◆ Problem statement: Your copy of the data should match it exactly, except that the pictures are gone.
*** Provided material Section Begins ***
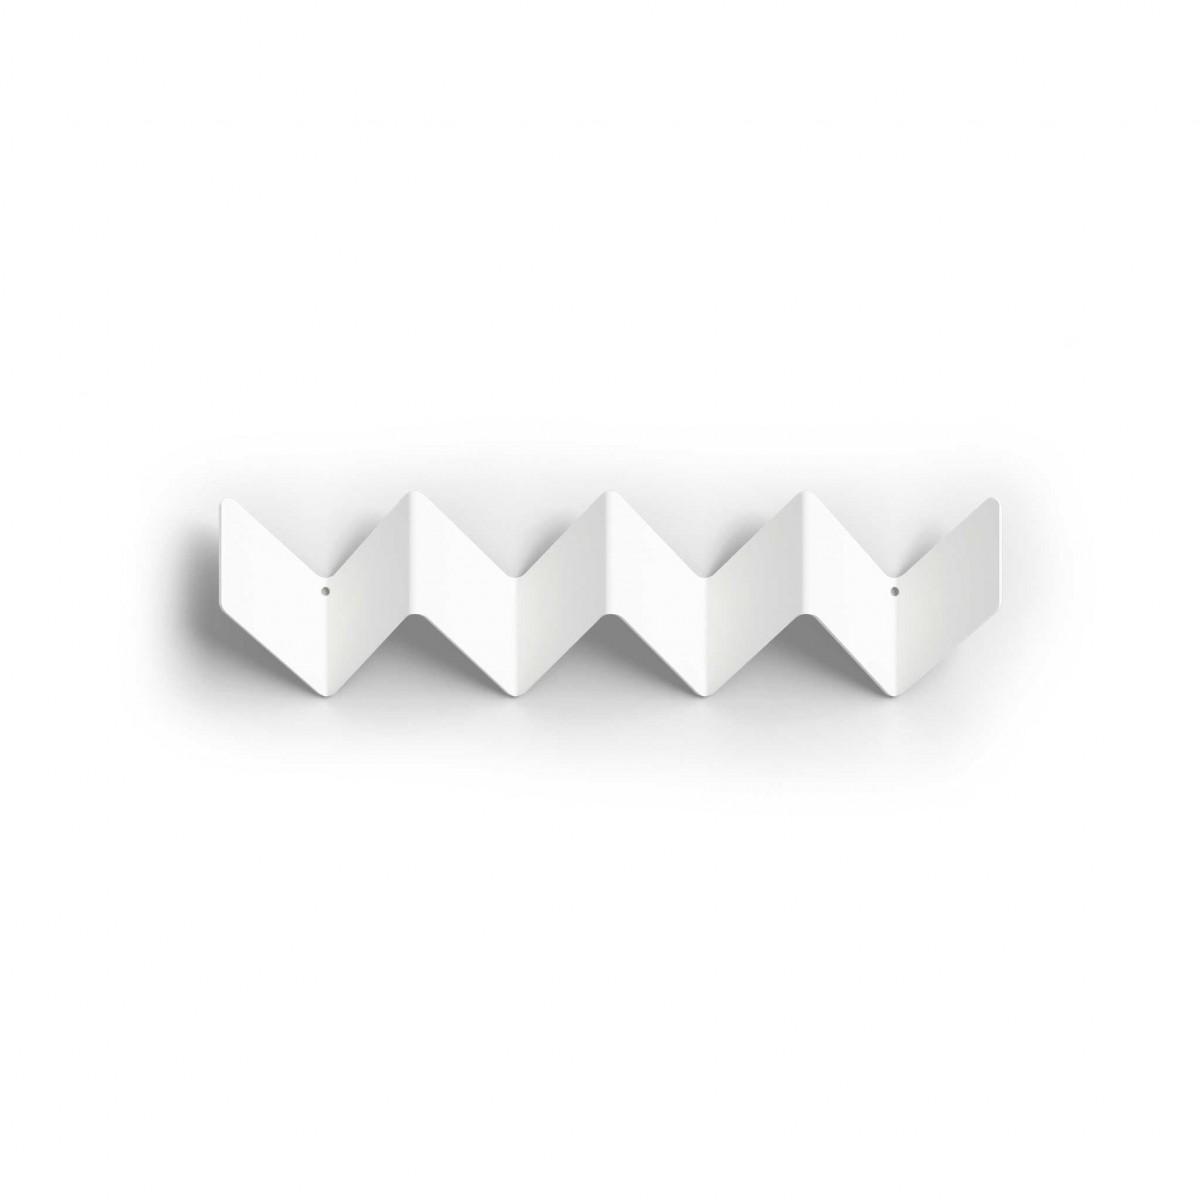 ZIGZAG | kleine WAND-GARDEROBE | Roman Luyken | Peppermint Products
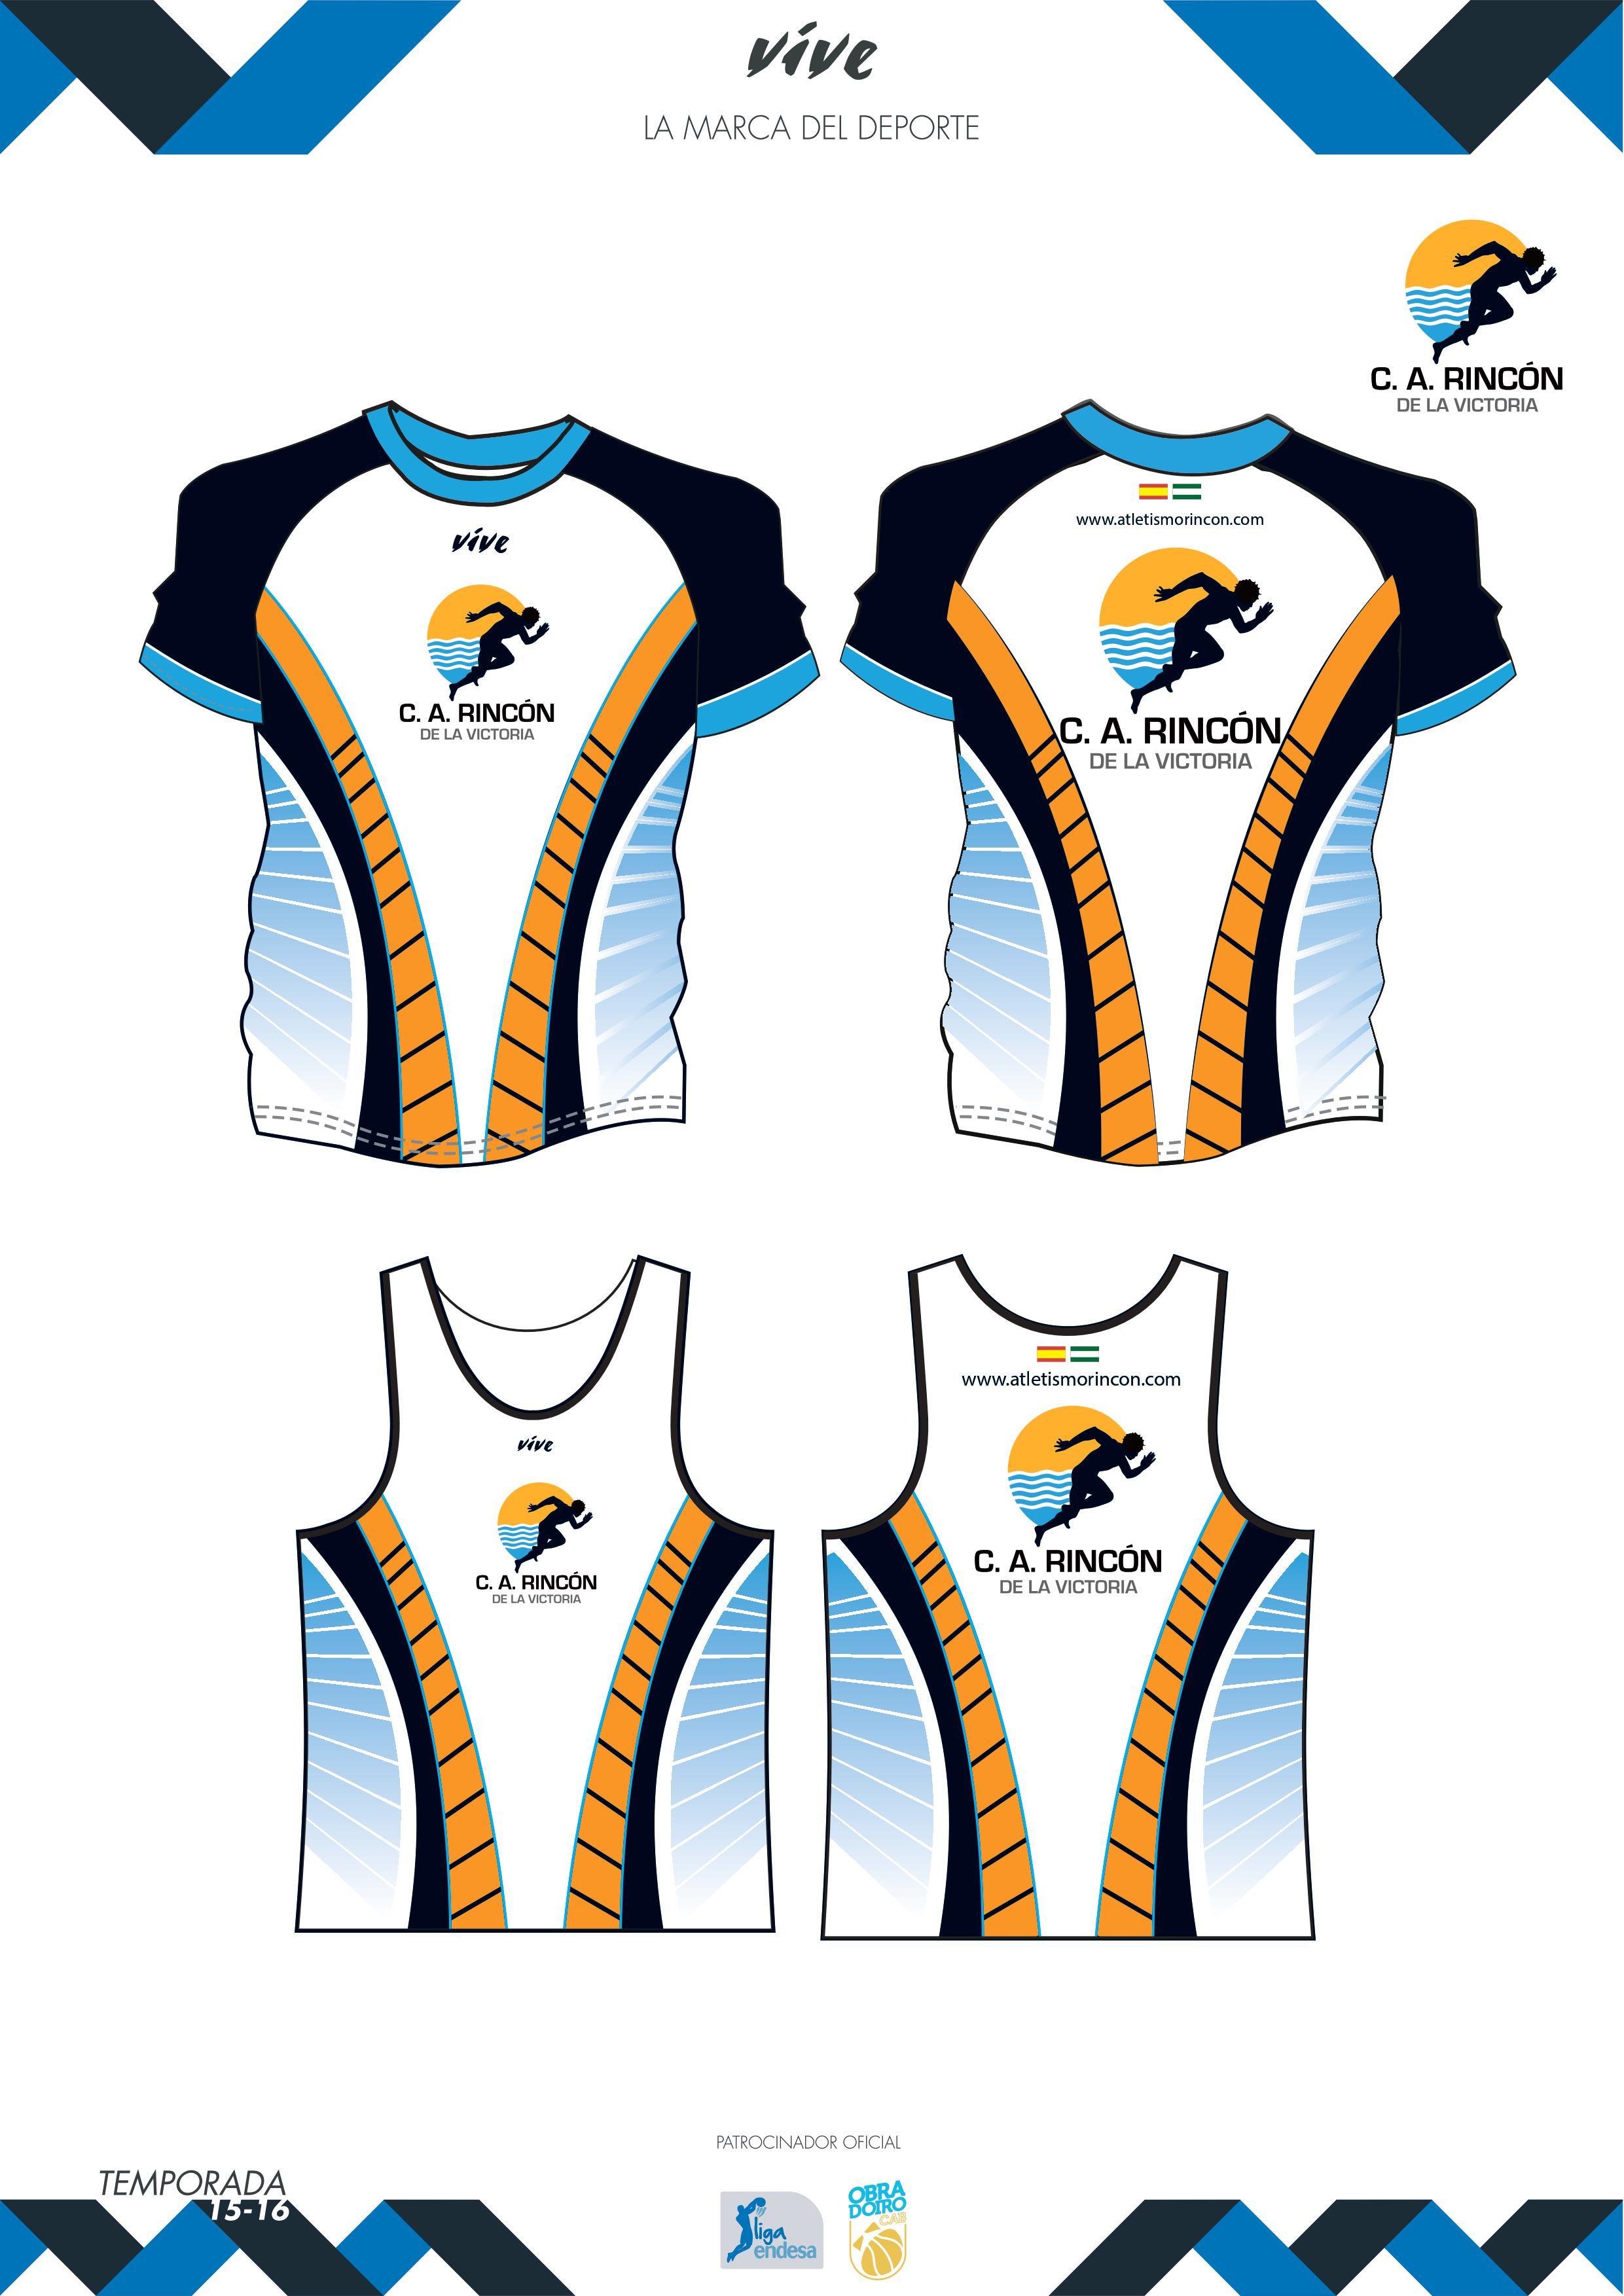 Nuevo vestuario Club Atletismo Rincon
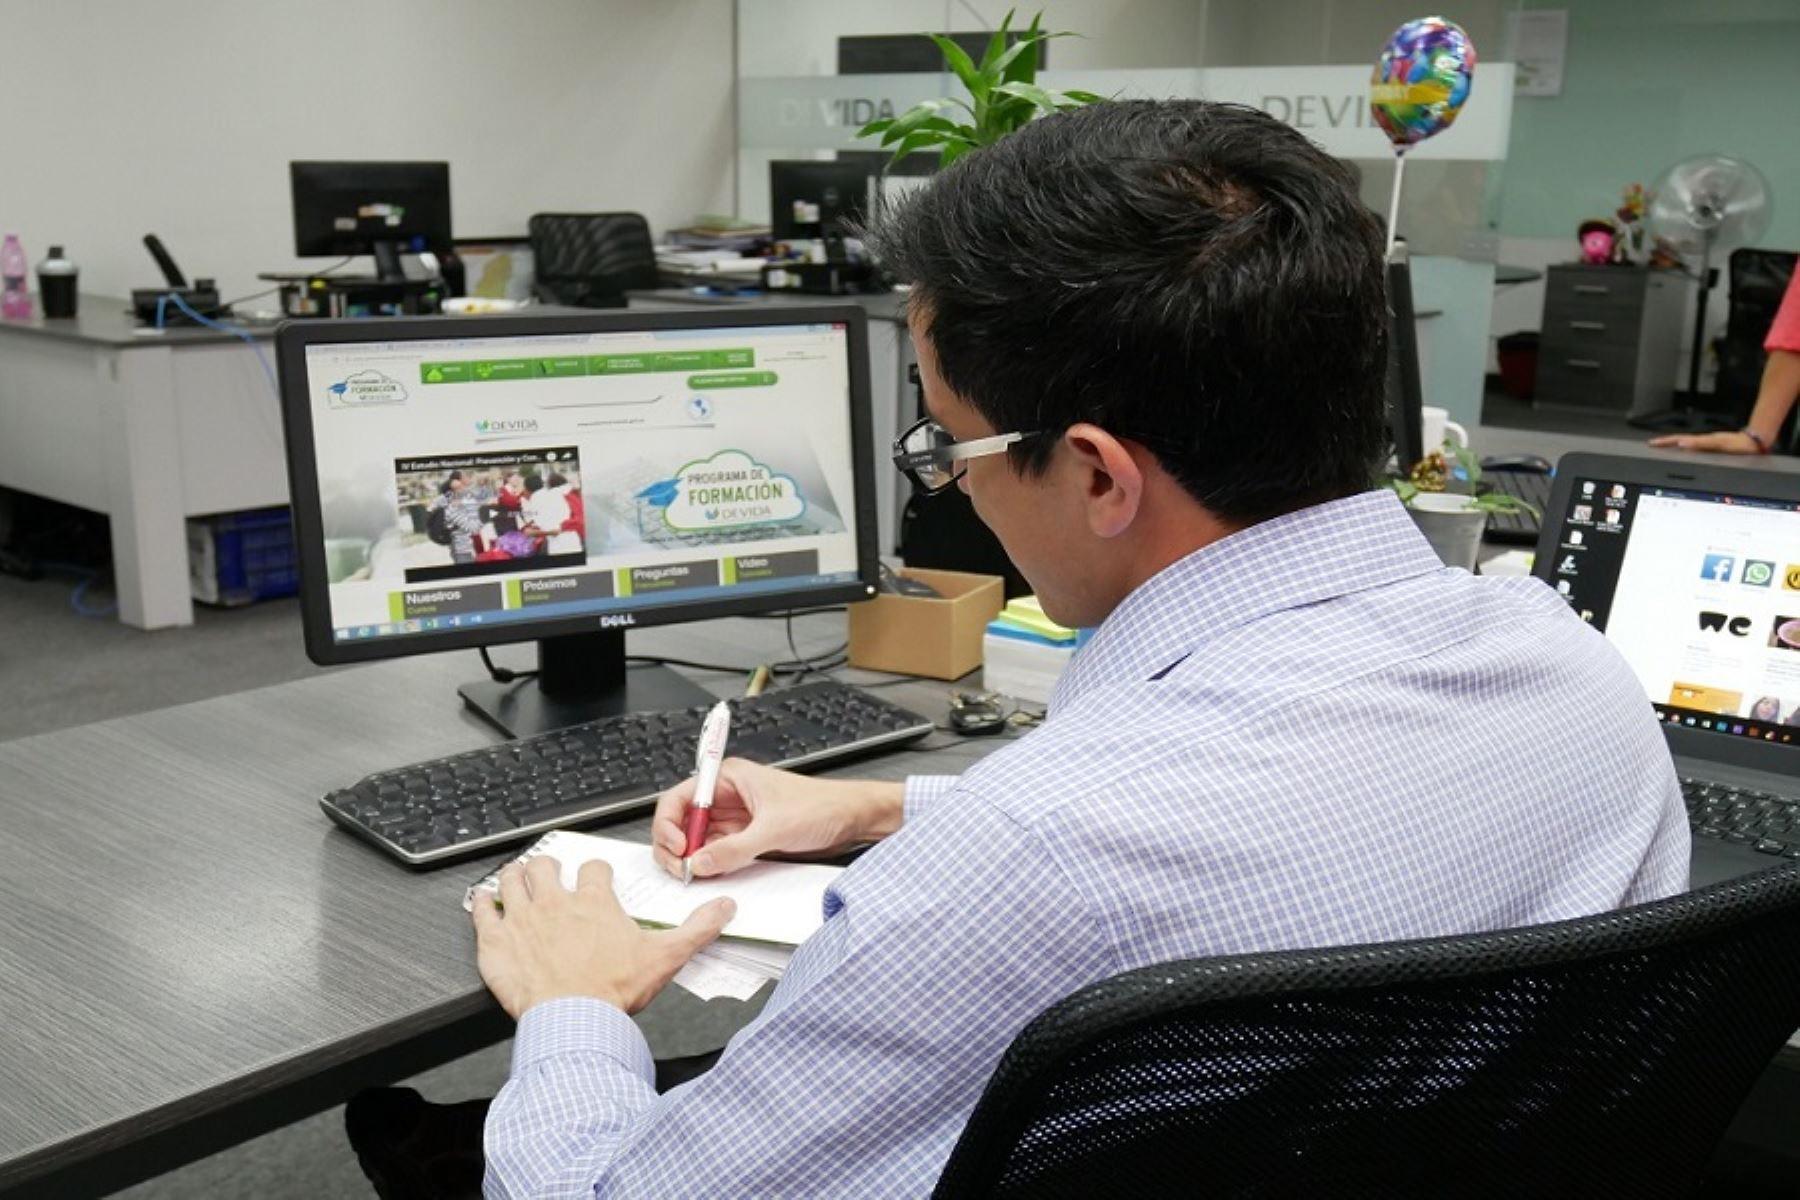 seguridad-y-salud-en-el-trabajo-menos-capacitaciones-digitales-incrementaran-costos
*** Provided material Section Ends ***
◆ Answer to this problem:
 ZIGZAG | kleine WAND-GARDEROBE | Roman Luyken | Peppermint Products
 Nuevo vestuario Club Atletismo Rincon
 seguridad-y-salud-en-el-trabajo-menos-capacitaciones-digitales-incrementaran-costos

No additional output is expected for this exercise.